### GIVEN MATERIAL:
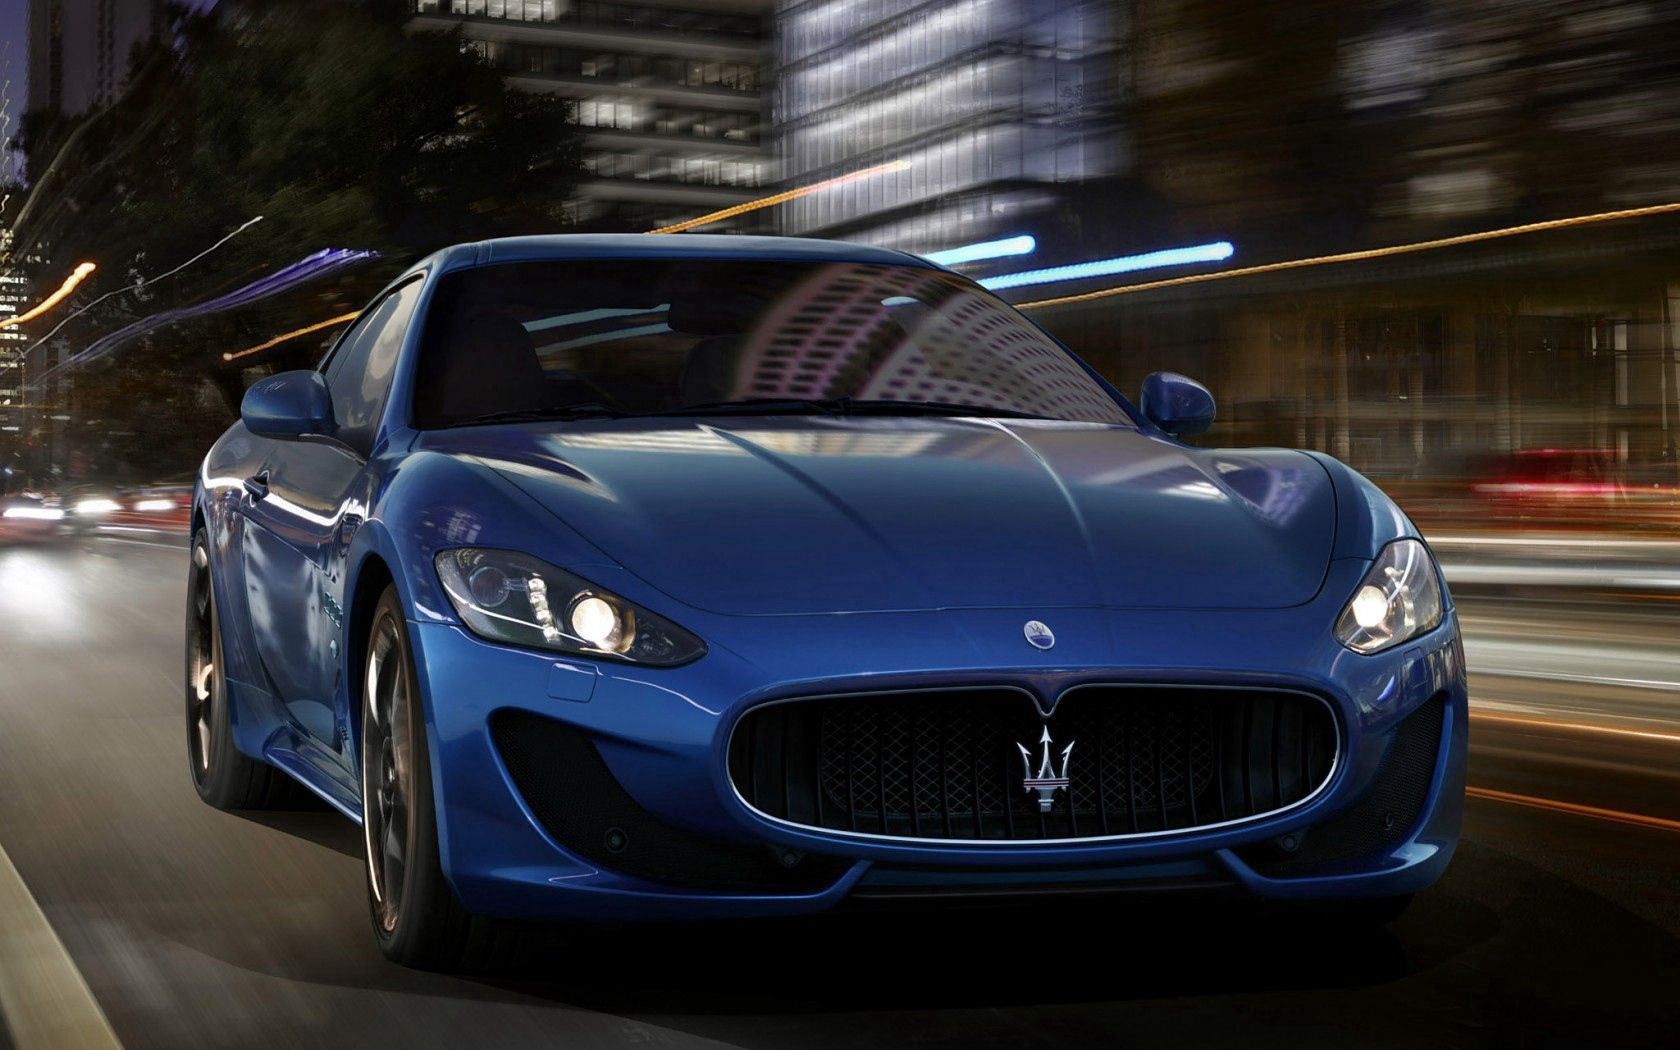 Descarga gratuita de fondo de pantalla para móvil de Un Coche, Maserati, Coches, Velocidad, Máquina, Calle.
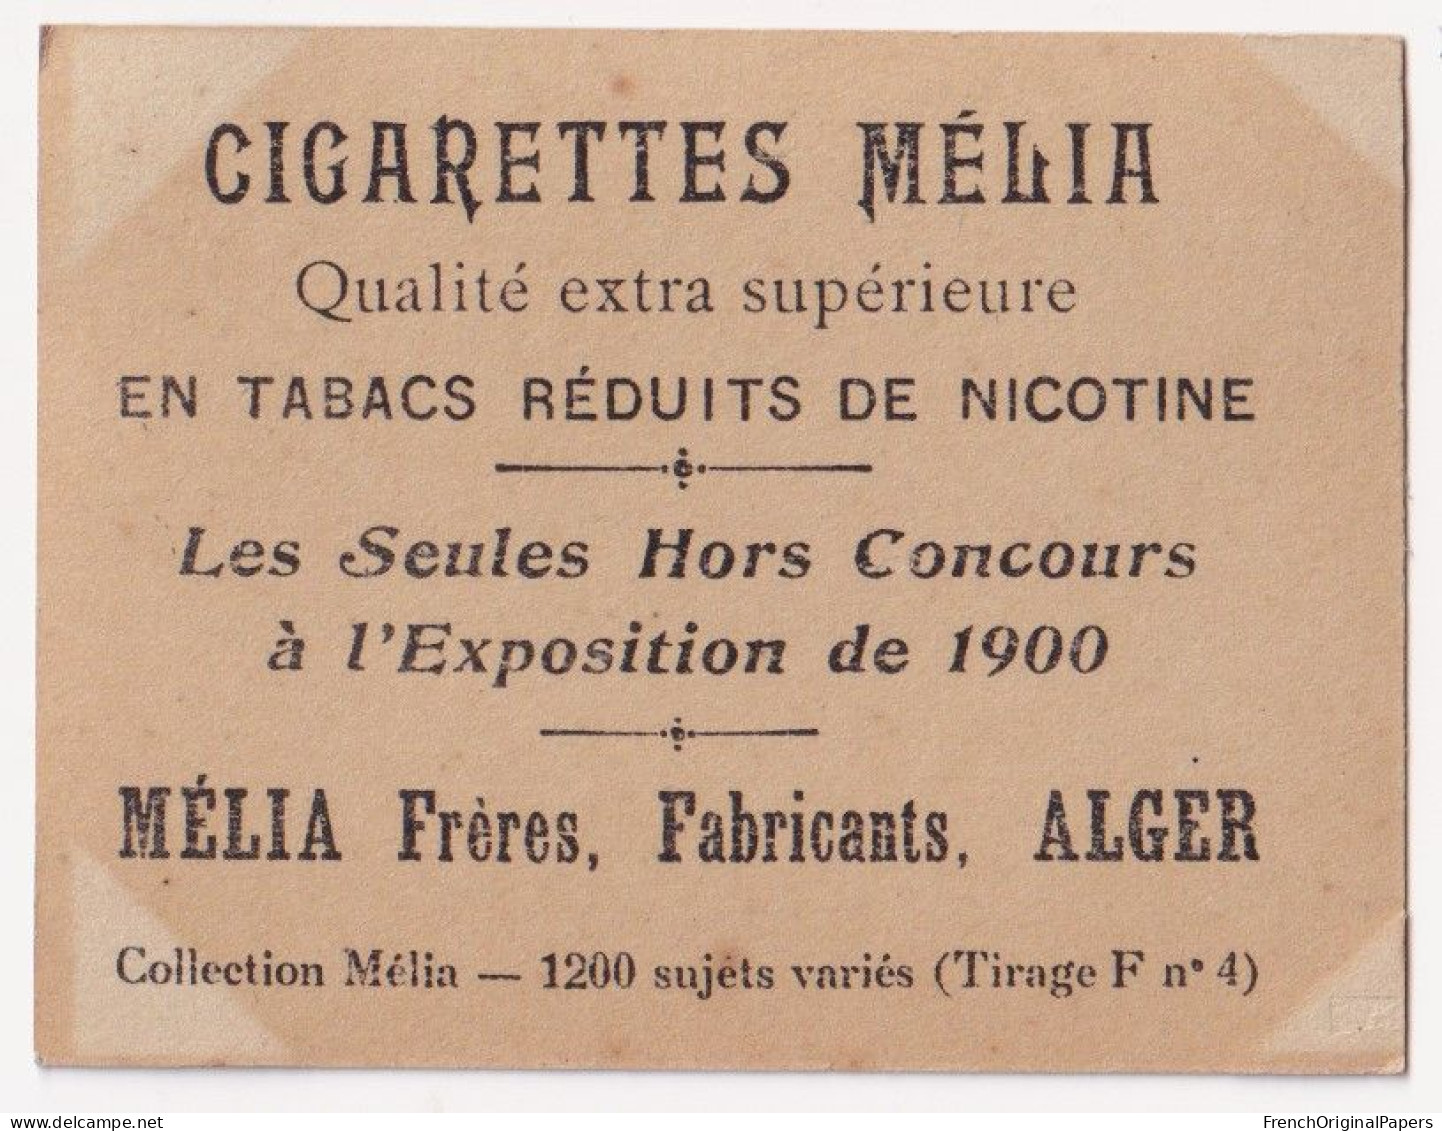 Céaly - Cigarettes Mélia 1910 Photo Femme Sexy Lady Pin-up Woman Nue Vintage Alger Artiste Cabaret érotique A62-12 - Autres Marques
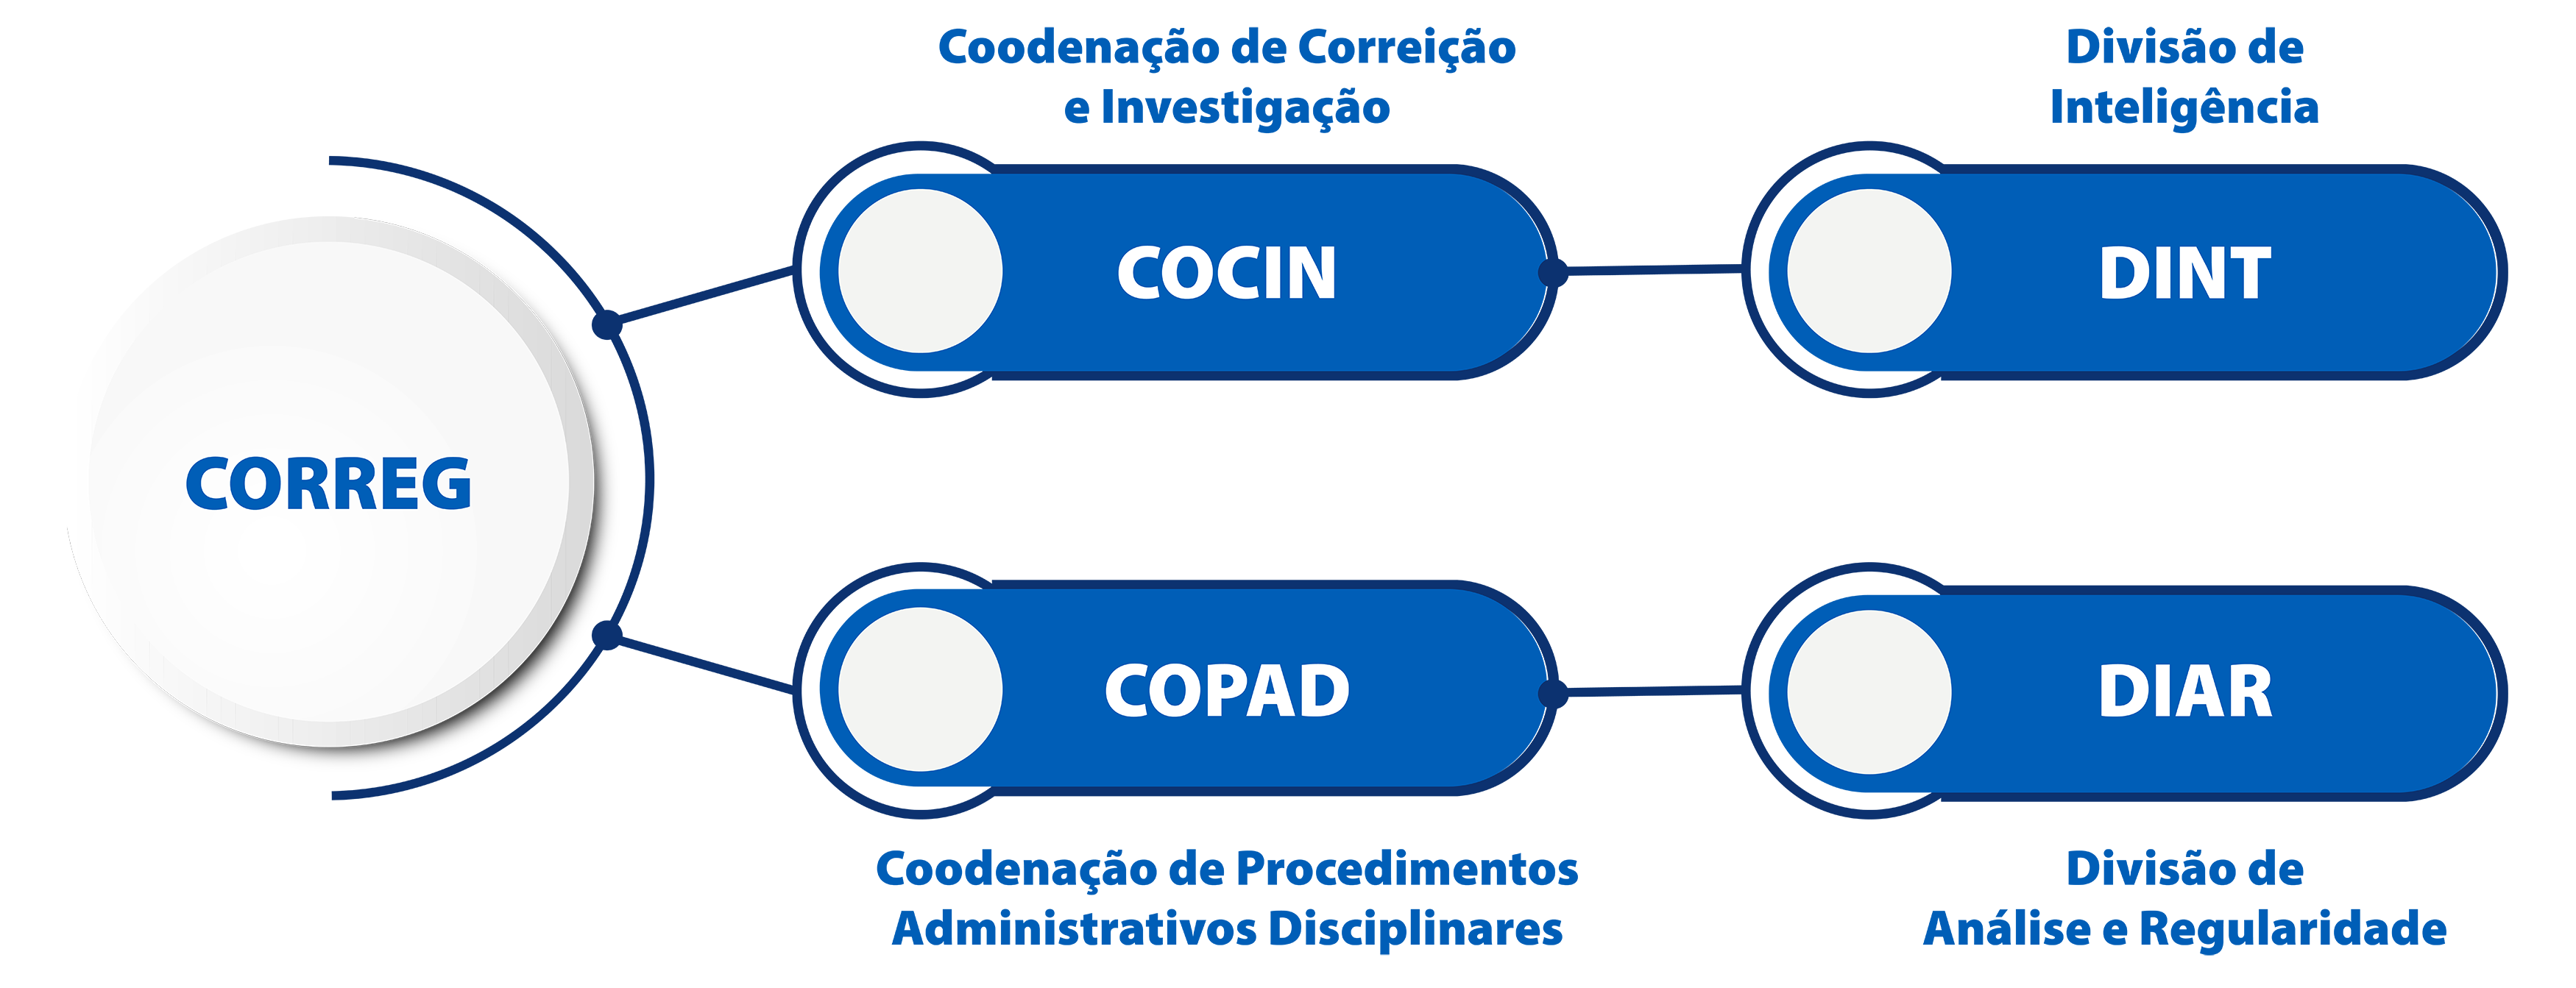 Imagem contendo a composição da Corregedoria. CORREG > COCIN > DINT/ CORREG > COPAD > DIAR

### INSTRUCTIONS FOR THE TASK:
Give back the lines word for word, from the very first in the material above to the one that has "Céaly - Cigarettes", both included, without the pictures.

### SOLUTION BELOW:
 Descarga gratuita de fondo de pantalla para móvil de Un Coche, Maserati, Coches, Velocidad, Máquina, Calle.
 Céaly - Cigarettes Mélia 1910 Photo Femme Sexy Lady Pin-up Woman Nue Vintage Alger Artiste Cabaret érotique A62-12 - Autres Marques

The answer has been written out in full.